SUPPLIED MATERIAL:
=== Section Start ===
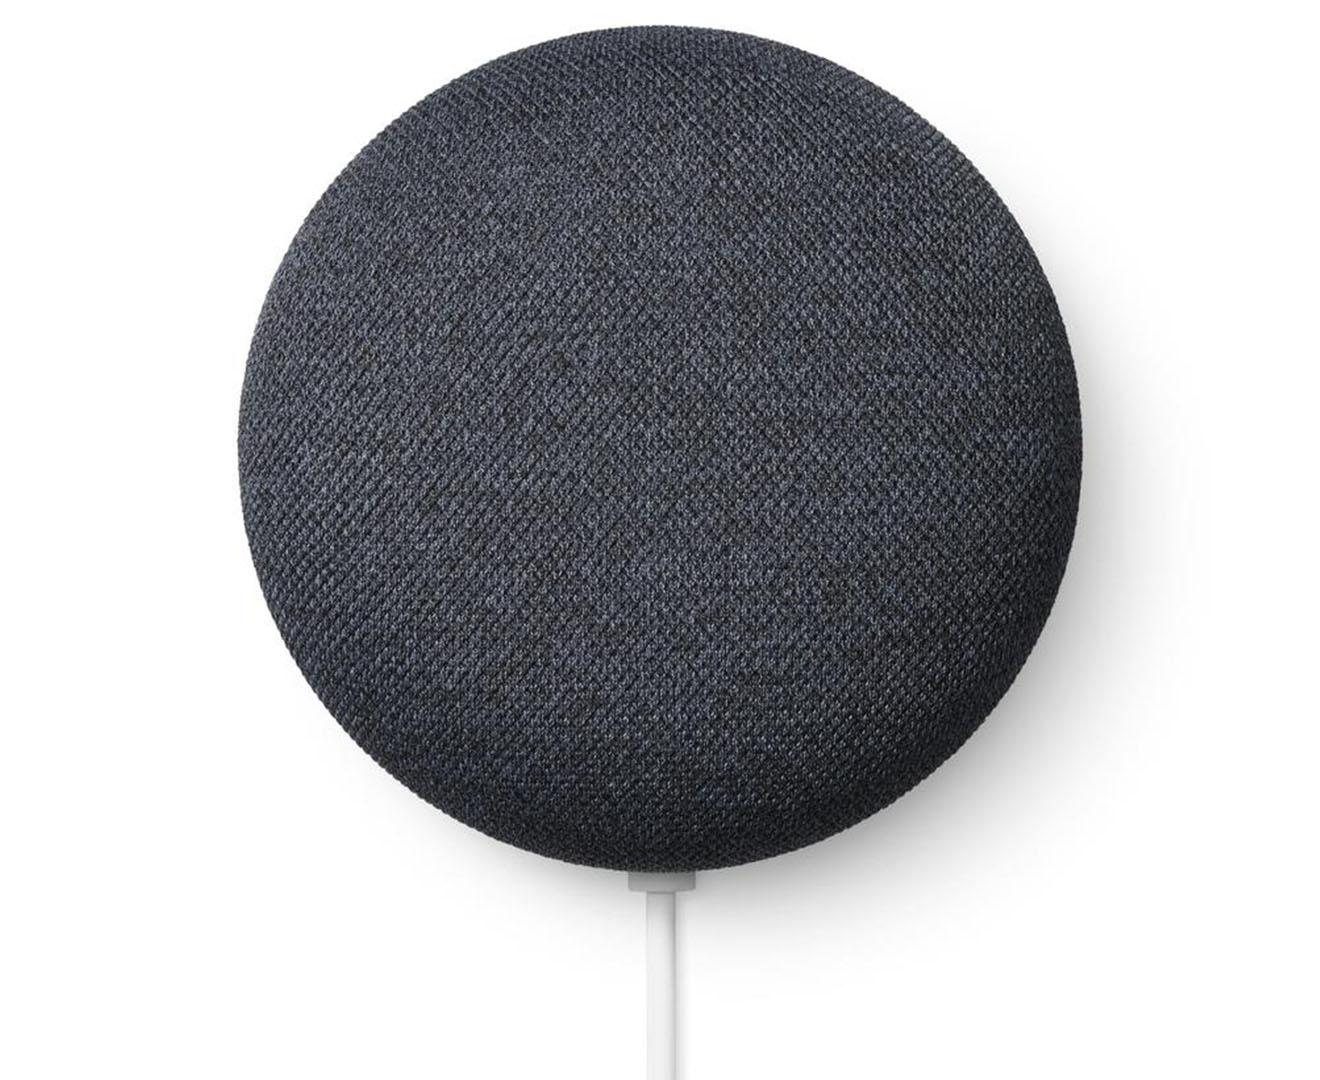 Google Nest Mini Smart Speaker (2nd Gen) - Charcoal | Catch.com.au
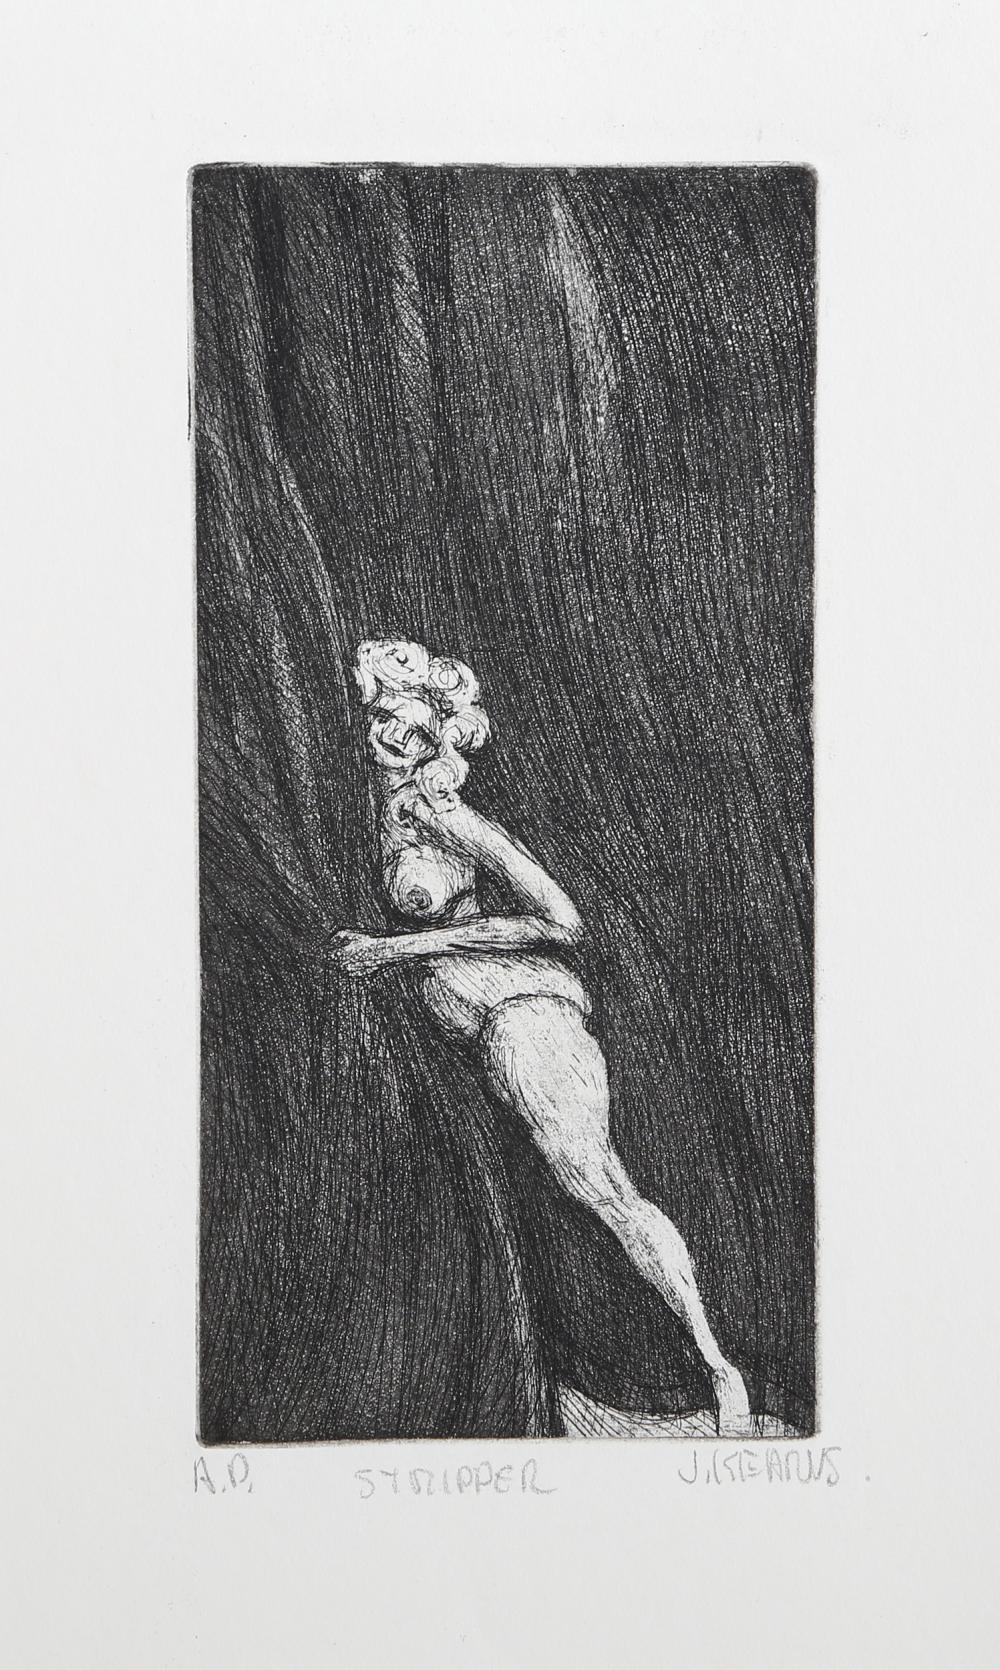 James Kearns, Stripper, Etching
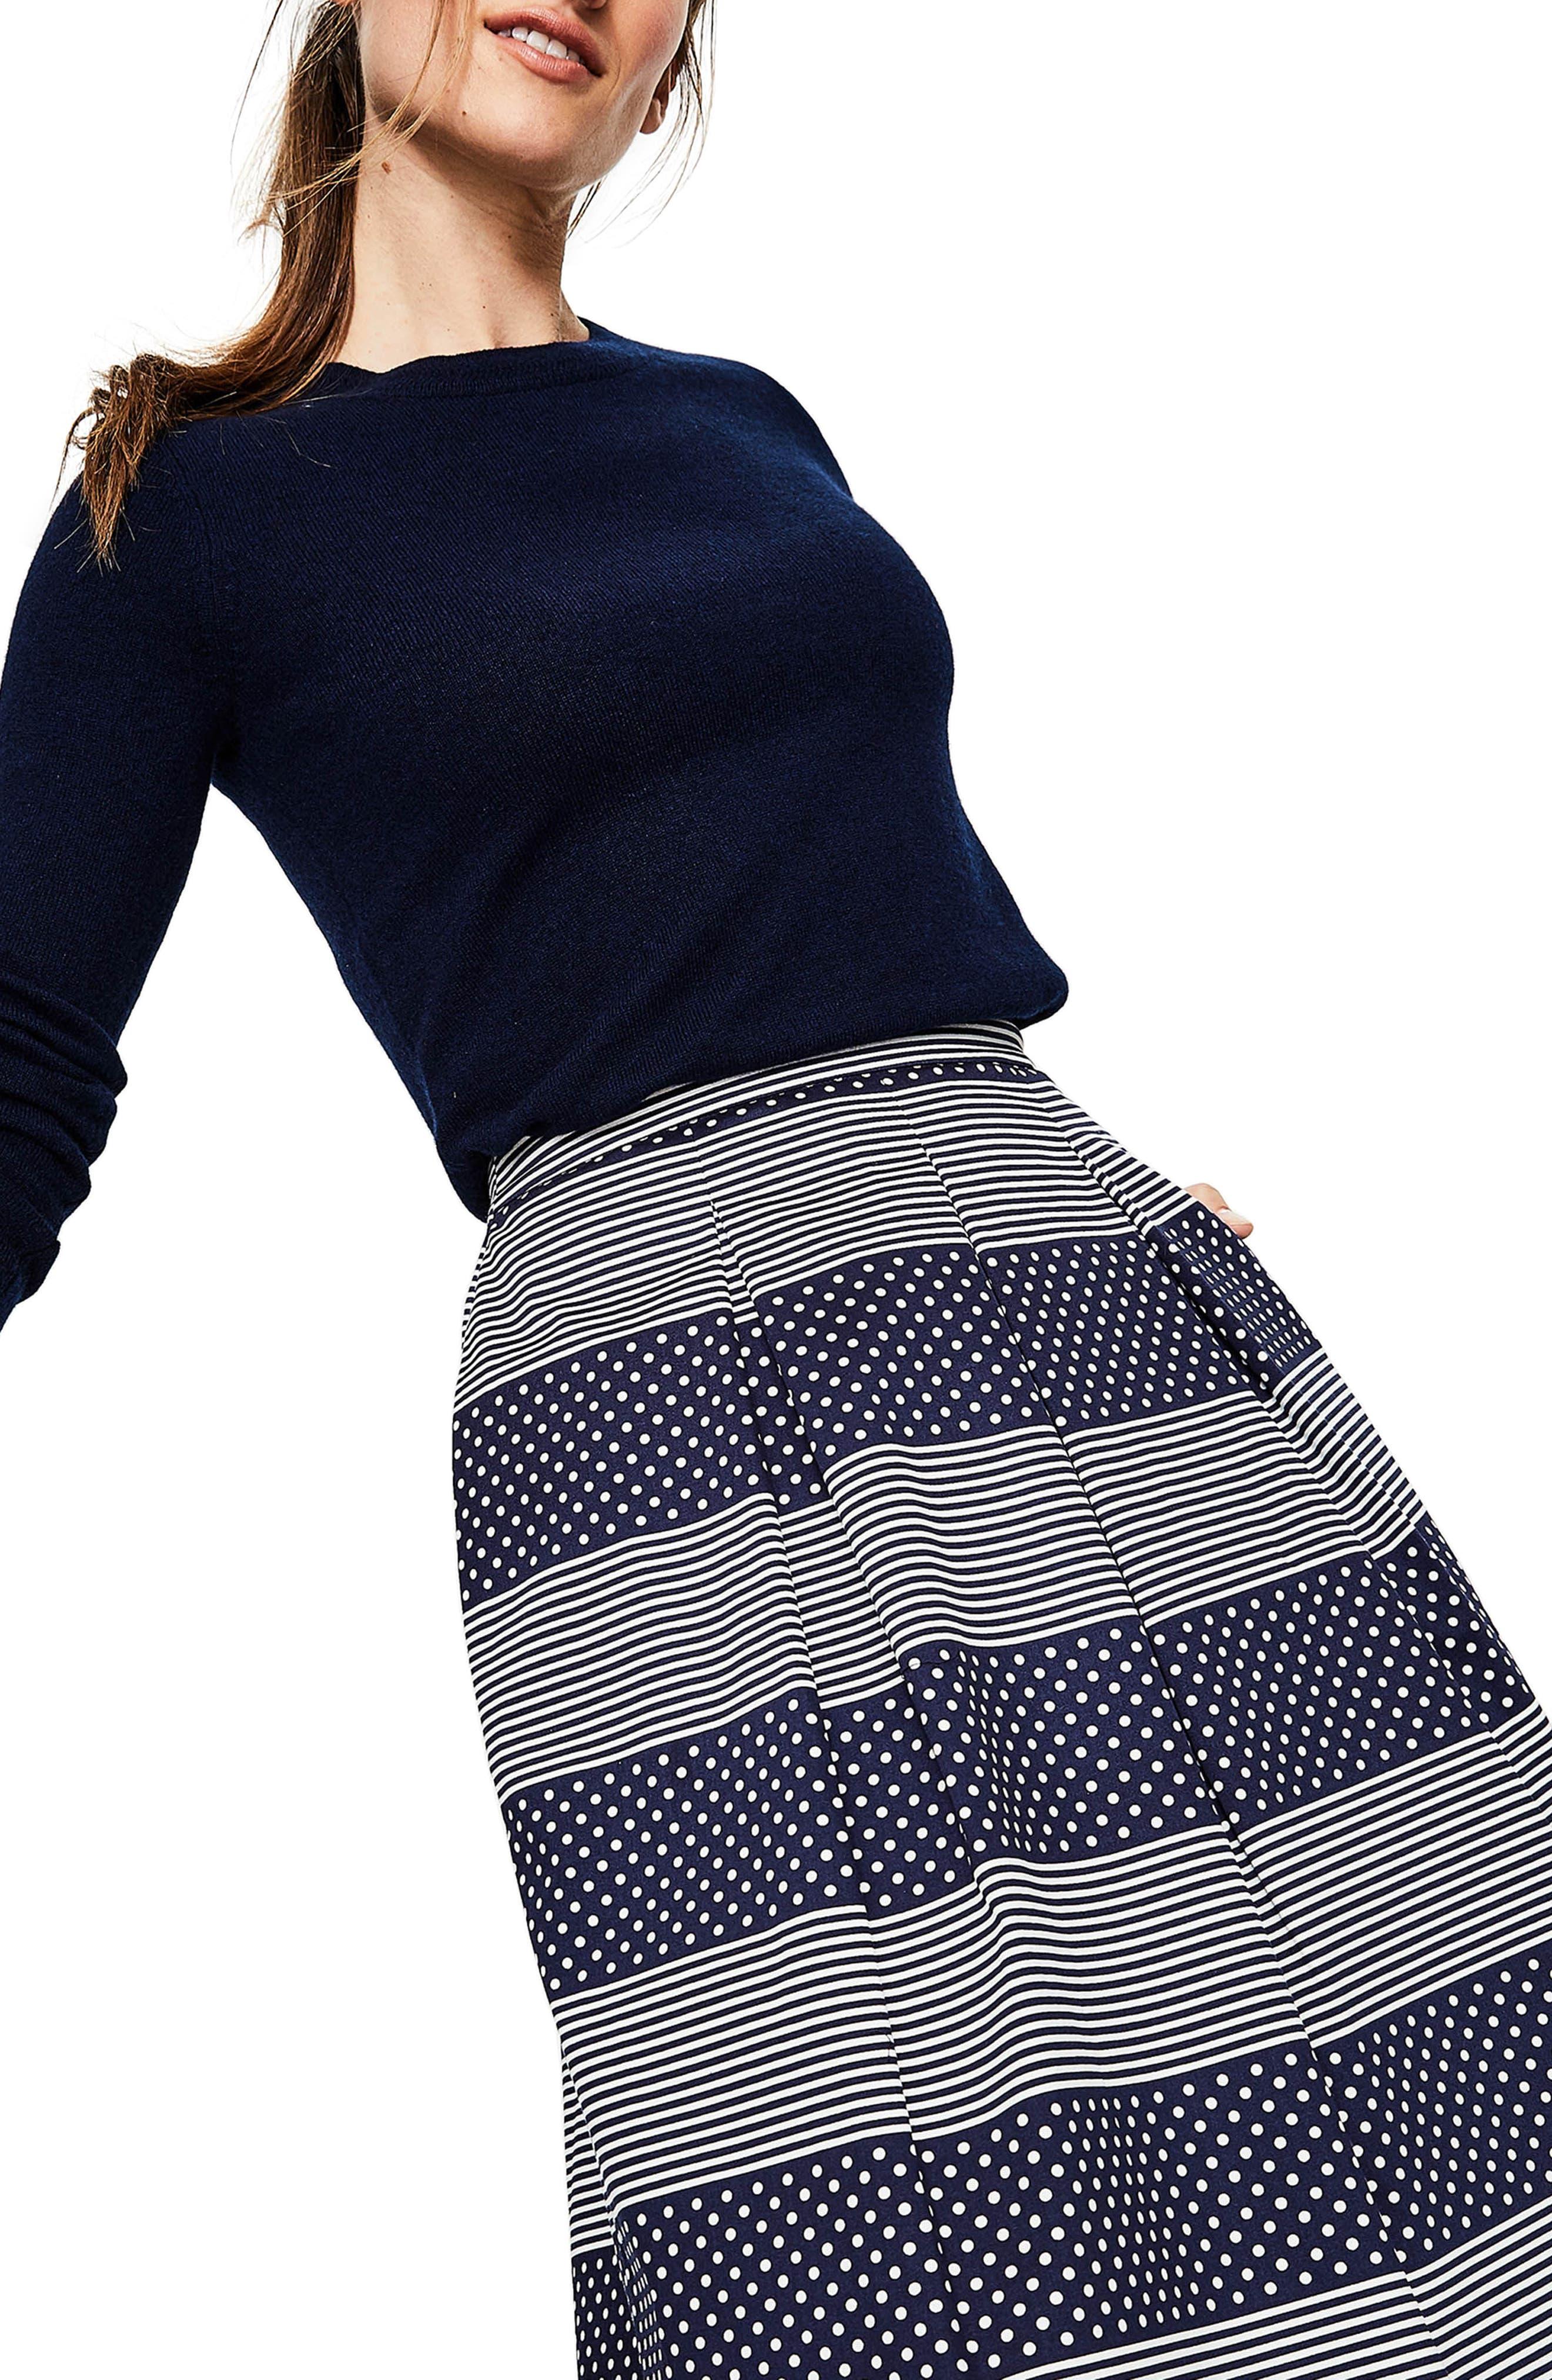 Lola Floral Flared Skirt,                             Alternate thumbnail 12, color,
=== Section End ===
TASK DESCRIPTION: A faithful transcription of the material, with no pictures, is the expected result.

EXERCISE OUTPUT:
 Google Nest Mini Smart Speaker (2nd Gen) - Charcoal | Catch.com.au
 James Kearns, Stripper, Etching
 Lola Floral Flared Skirt,                             Alternate thumbnail 12, color,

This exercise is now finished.